Reputation: 21
I have a file in Unix like the follows
">hello"
"hello"
"newuser"
"<newuser"
"newone"
Now I want to find unique occurrences in the file (exluding the <
or >
only while searching) and the output as:
">hello"
"<newuser"
"newone"
Upvotes: 2
Views: 503
Reputation: 369164
$ awk '{ w = $1; sub(/[<>]/, "", w) } word[w] == 0 { word[w]++; print $1 }' file1
">hello"
"newuser"
"newone"
Upvotes: 2
Reputation: 369164
#!/usr/bin/env python
import sys
seen = set()
for line in sys.stdin:
word = line.strip().replace('>', '').replace('<', '')
if word not in seen:
seen.add(word)
sys.stdout.write(line)
$ ./uniq.py < file1
">hello"
"newuser"
"newone"
Upvotes: 3
Reputation: 61
Here's that associative array idea in Ruby.

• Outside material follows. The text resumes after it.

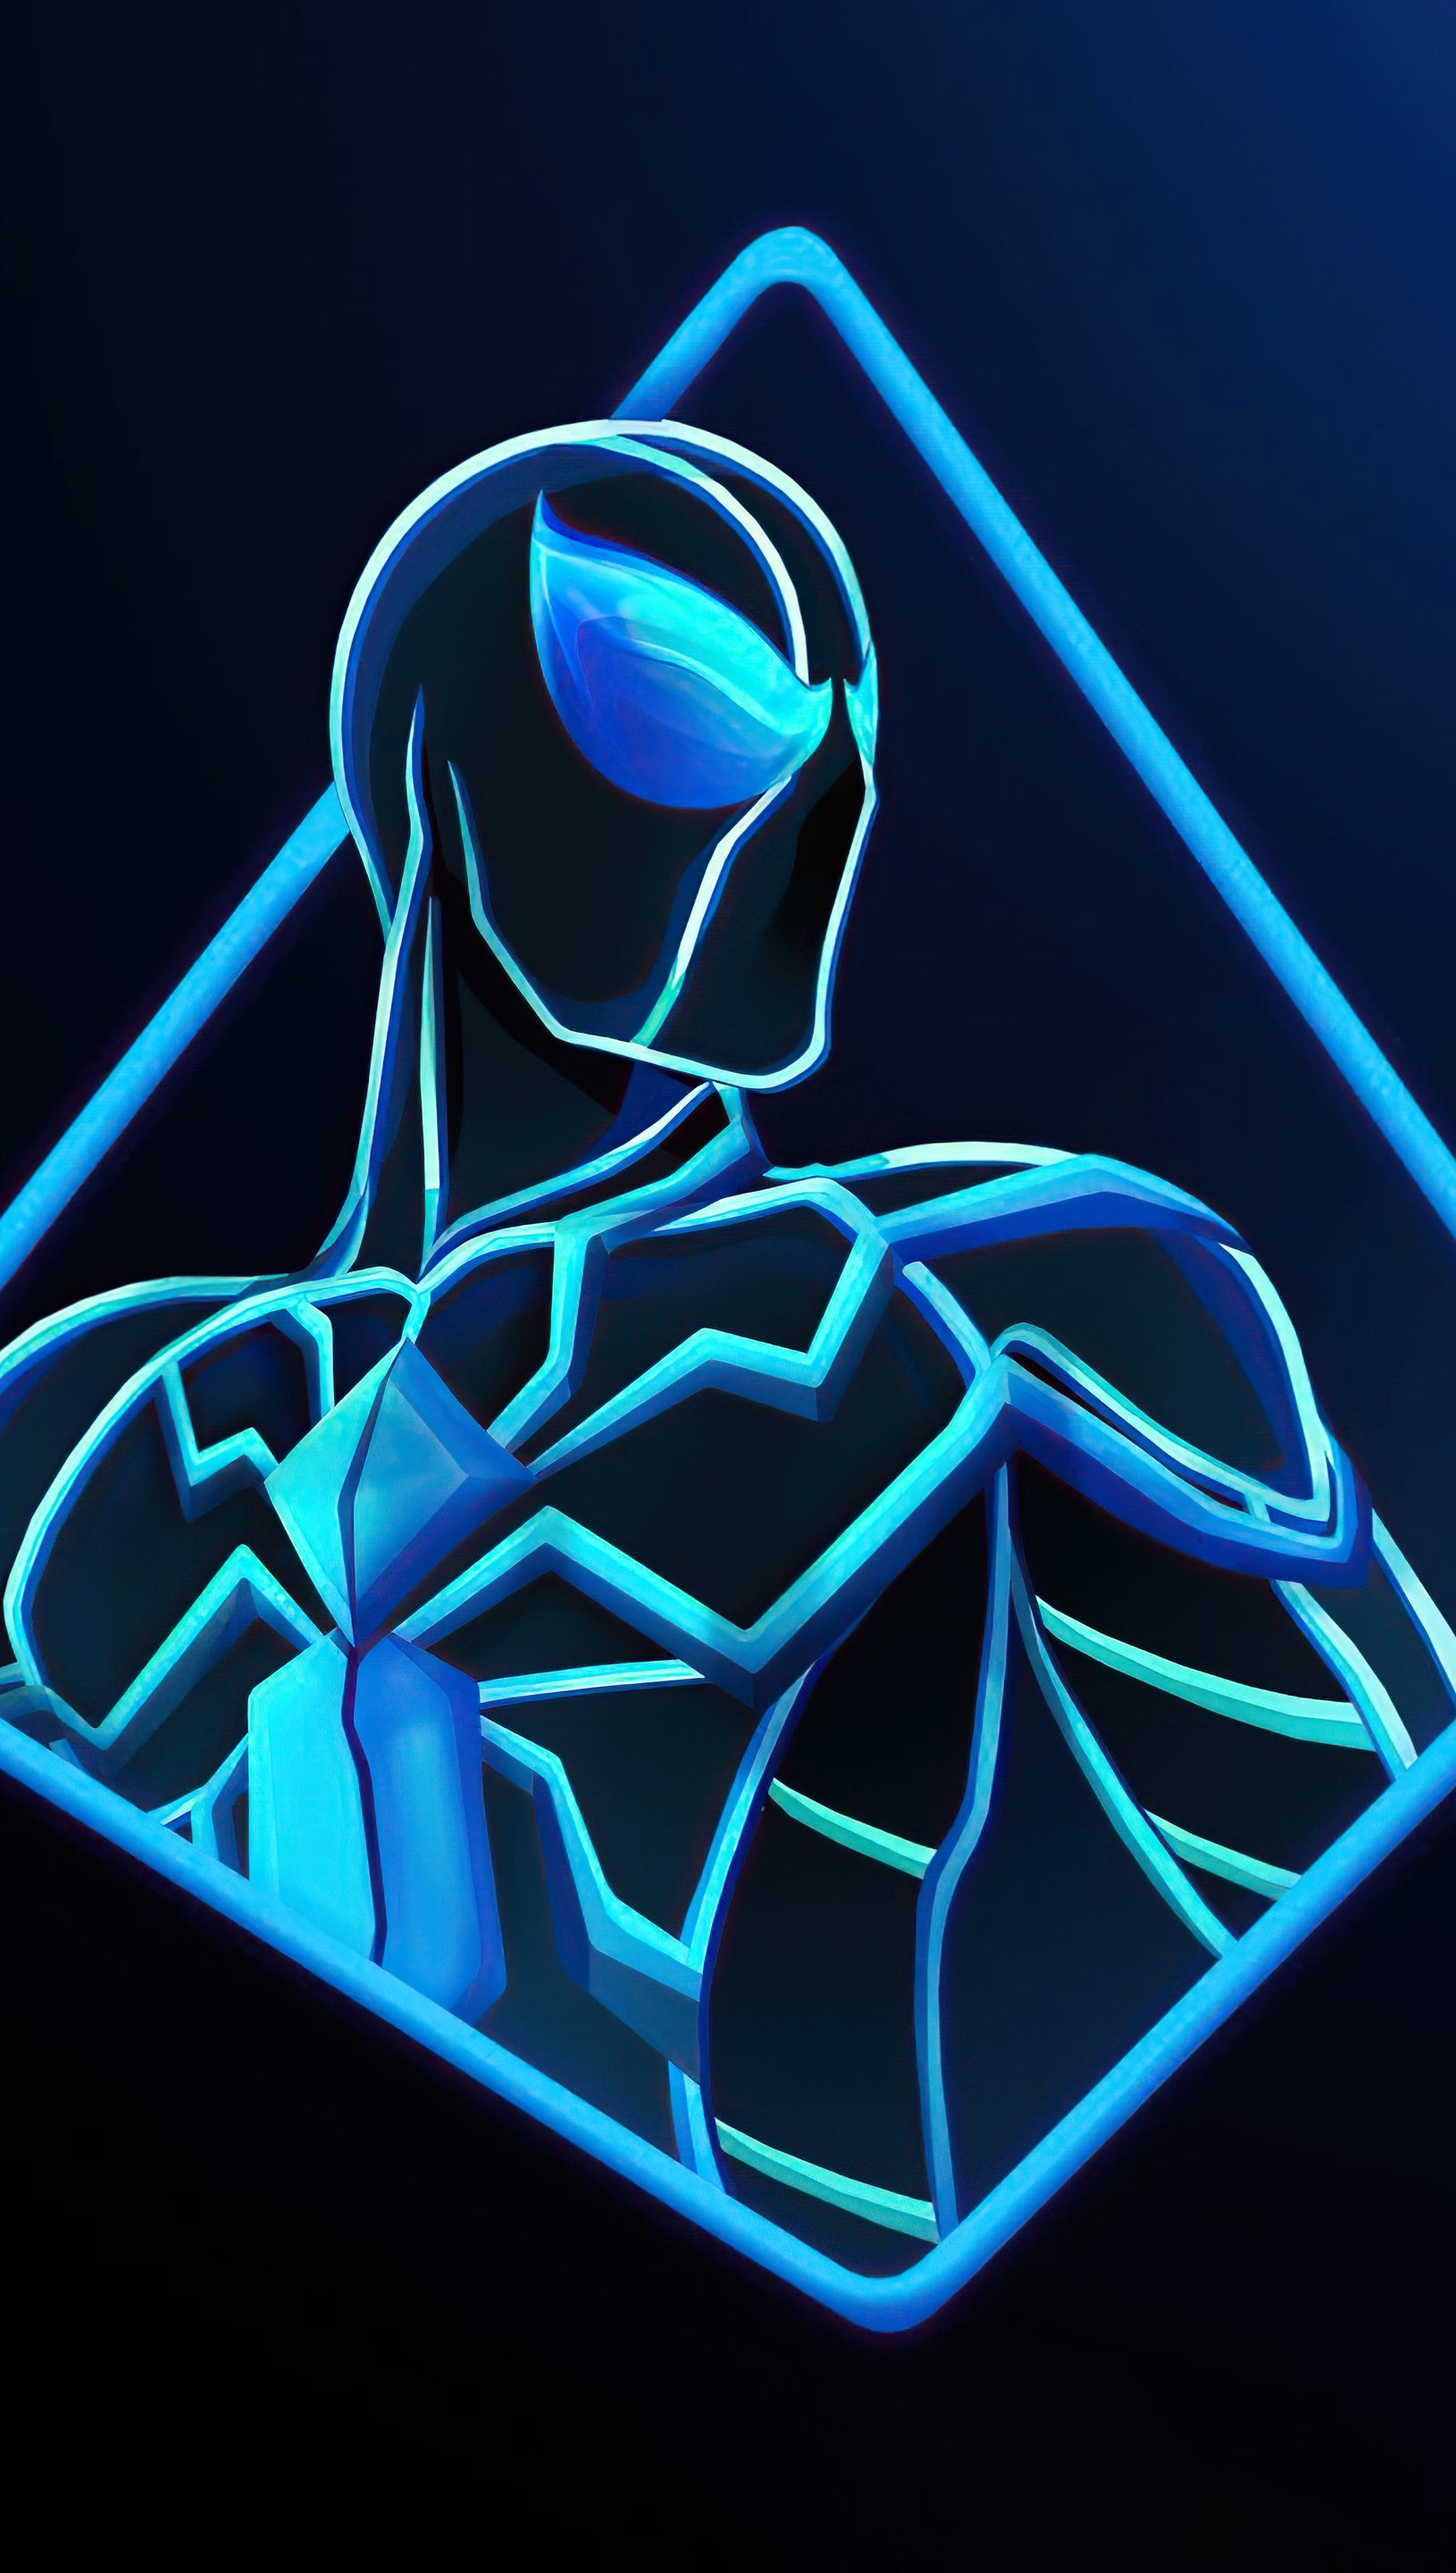 spiderman blue background

2.0.0p195 :005 > entries= [">hello", "hello", "newuser", "<newuser", "newone"]
=> [">hello", "hello", "newuser", "<newuser", "newone"]
2.0.0p195 :006 > entries.reduce({}) { |hash, entry| hash[entry.sub(/[<>]/,'')]=entry; hash}.values
=> ["hello", "<newuser", "newone"]
Upvotes: 0